Strategies for the inhibition of cellulose degradation in the valorization of lignocelluloses for the fabrication of functional materials

Abstract

Synthetic fibers in the market are mainly derived from fossil resources. The depletion of these resources and the accompanied environmental issues have stimulated interest in the utilization of renewable materials. Cellulose, which is widely available in lignocelluloses, is a type of abundant and renewable biopolymer in nature. It has been ascending as a promising feedstock for the manufacture of functional materials to replace fossil-based synthetic fibers. Pretreatment of lignocelluloses is a requisite step for the production of cellulosic materials since this biopolymer is embedded in a matrix composed of lignin and hemicellulose in the plant cell wall.

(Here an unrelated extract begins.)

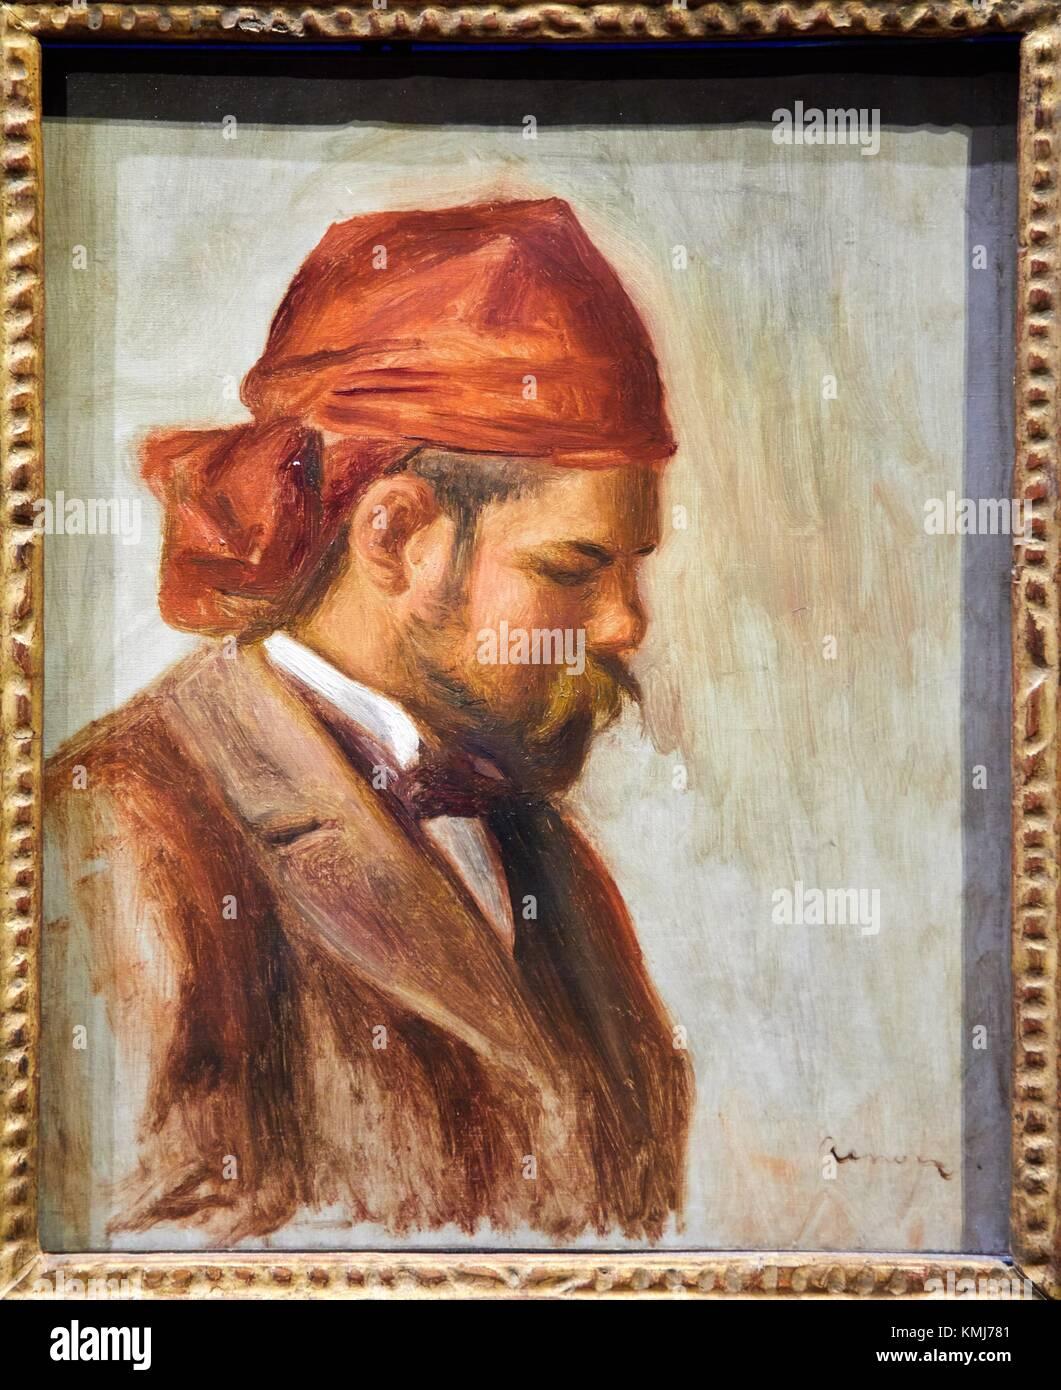 Portrait d´Ambroise Vollard au foulard rouge, 1899-1906, Pierre Auguste Renoir, Musee d´Art Moderne, Troyes, - Stock Image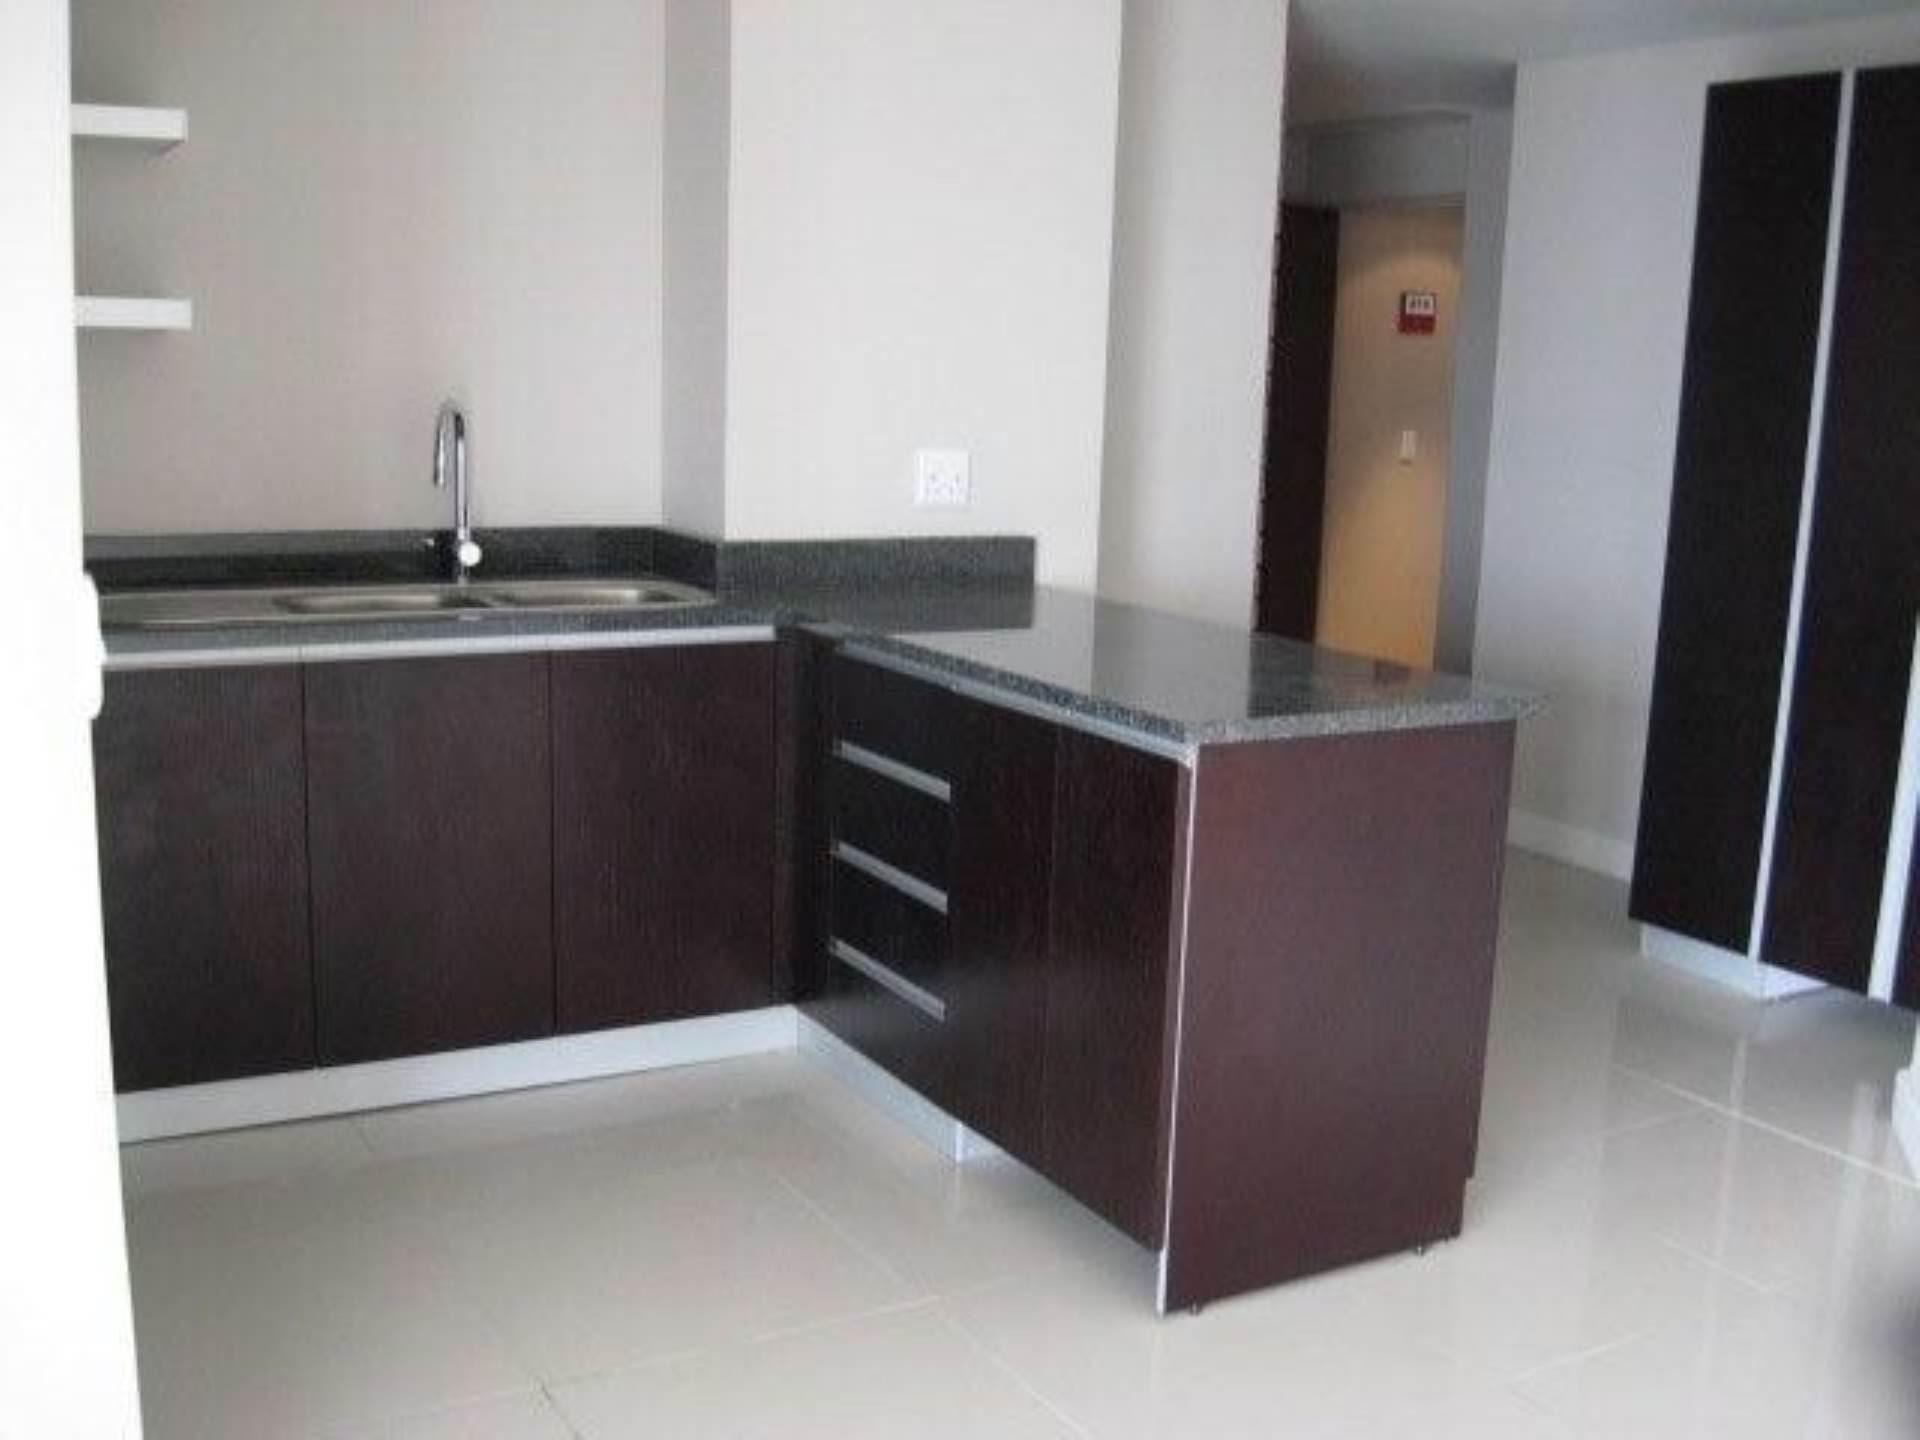 De Waterkant property for sale. Ref No: 13475436. Picture no 3

However, cellulose degradation usually occurs during the pretreatment and subsequent material preparation processes, affecting the properties of the fabricated materials. In this study, we provide a comprehensive review of the strategies to inhibit cellulose degradation in the valorization of lignocelluloses for the fabrication of functional materials. It is demonstrated that the interactions between the solvent (including organics, ionic liquids, and deep eutectic solvents) and cellulose are closely related to its degradation. Specifically, too strong interactions would lead to the degradation of this biopolymer, resulting in a decrease in the degree of polymerization of cellulose, which leads to inferior properties (including mechanical properties) of the corresponding materials. Introducing additives, co-solvents, and radical scavengers or the selection of appropriate solvents affect the interactions between the solvent and cellulose, thereby inhibiting degradation and facilitating the fabrication of functional materials with excellent properties. The challenges and future perspective (e.g., understanding the inhibition mechanism at the molecular level) in the development of more efficient technologies to prevent cellulose degradation are also highlighted. This study can provide guidance for the design of systems to obtain cellulosic materials with excellent properties, encouraging more researchers to engage in this field to promote relevant progress.